My little old lady seemed almost comatose. She could only whisper ‘yes' or ‘no' answers when I asked her if she had used a bedpan yet. She was obviously uncomfortable, but was not complaining as I thought she should have been. Somehow I felt to blame, although I only did what I was ordered to do. I knew in my bones that she should have been given more attention or tests or something other than those enemas.
My duty ended at 9 p.m. but I couldn't bring myself to leave that defenseless lady, and I stayed and sat by her bedside holding her hand as she had asked me to do. It brings tears to my eyes all these 60 years later as I think how hard I prayed that lovely lady would live. But she didn't. My head nurse made me leave at 11 p.m. and when I came back in the morning the bed was empty. She had died in the night and been removed to the morgue in the basement.
The time came soon after that when I was transferred to the men's surgical ward. Another patient who had terminal cancer made me feel concerned. Only this one was a good-looking 30-year-old Greyhound bus driver who got a very wrong idea about me. I was terribly embarrassed when the head nurse scolded me for giving him too much attention.
Not long after that I was left alone on the ward of about 34 patients with an orderly who stayed out of sight when a patient knocked over his blood transfusion IV, and I needed him. After I cleaned that up, as well as a couple of incontinent patients, I issued medications (no narcotics) and I accidentally gave someone milk of magnesia instead of mineral oil. The head nurse really reamed me out for that. Of course she was right, I could have killed someone giving them the wrong medicine if I had been stronger stuff.
That did it for me. I knew I was too scatterbrained, and too inept at dealing with people to ever be trusted to be a nurse. I quit. I went home and worked for a while in factories before I joined the Navy WAVES. I never went home again, because my parents got a divorce and sold the farm. But that is another story.


Comments: 24 ( 1 removed by Ruth MacGill )
This story is one that pops into my head from time to time. Memories like this are a lot like looking through an old photograph album. I can still see in my mind's eye the young probationer nursing student that I once was, sitting by the bedside of a woman I had come to care about in a very short time. She lives on anonymously in my memory.
Thanks for this story Ruth. Now I'm off to read Debbie G.
Very nice story, Ruth.
There was another thing about that nurse. A couple of years before I left home to go to nursing school, I accompanied my parents to a party put on by friends. They lived in an historically old house that was going to be lost forever when they flooded the area for a reservoir. It was winter and the hosts had fixed a torch-lit skiing slope. I had the best time of my life. There was an attractive young man there in his twenties, and he made me feel pretty by giving me attention I had never experienced before. He succeeded in making a 16 year old girl feel attractive, and I know it was a sort of kindness done on purpose.

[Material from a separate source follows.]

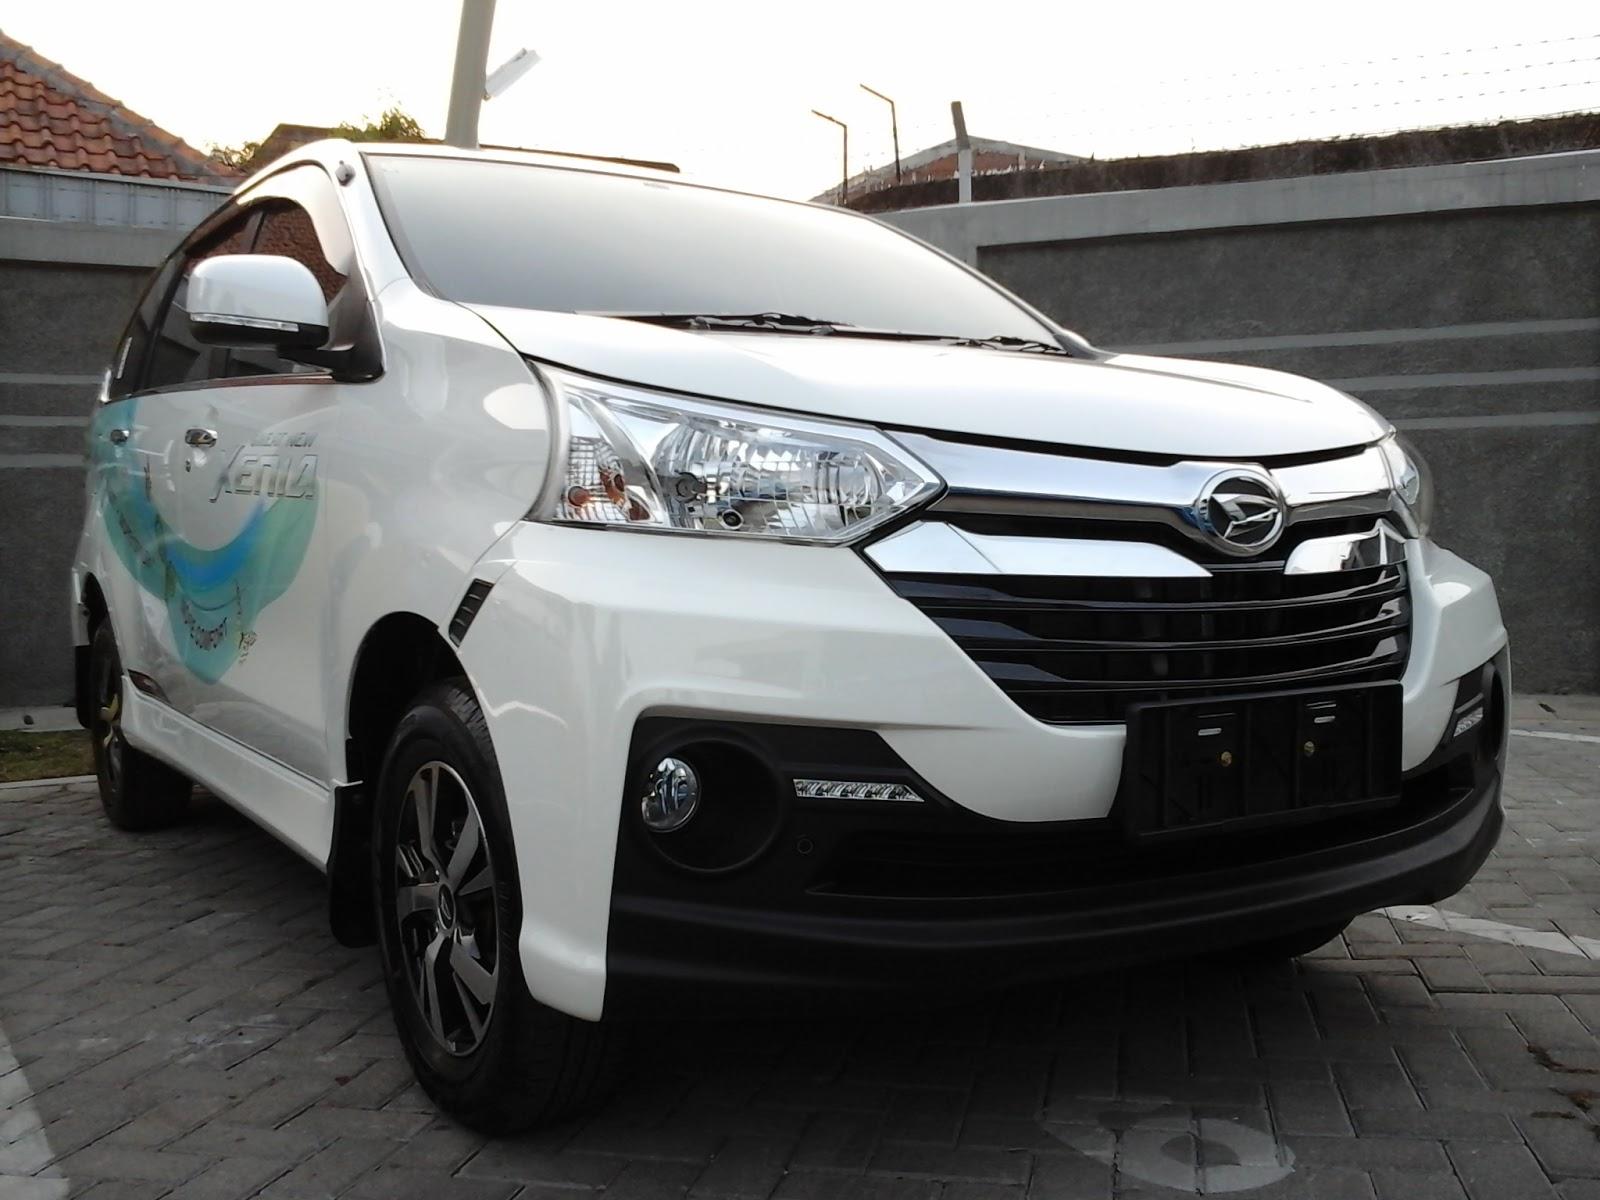 Kumpulan Modifikasi Mobil Xenia R Sporty

It turned out my first head nurse, the one in charge of the women's medical ward, was his fiancee. When you figure the odds in that overpopulated part of the country, that was quite a cooincidence. They were married by the time I started nursing school. Somehow she knew who I was and maybe that gave me a head start with her. I know I disappointed her when I quit.
I remember my mom coming home from the hospital one night, covered in blood- including her shoes. She calmly showered and changed as if it was nothing.
I knew right then that nurses were special people, but that I could never do that. They have to deal with a lot of things most people would never want to see.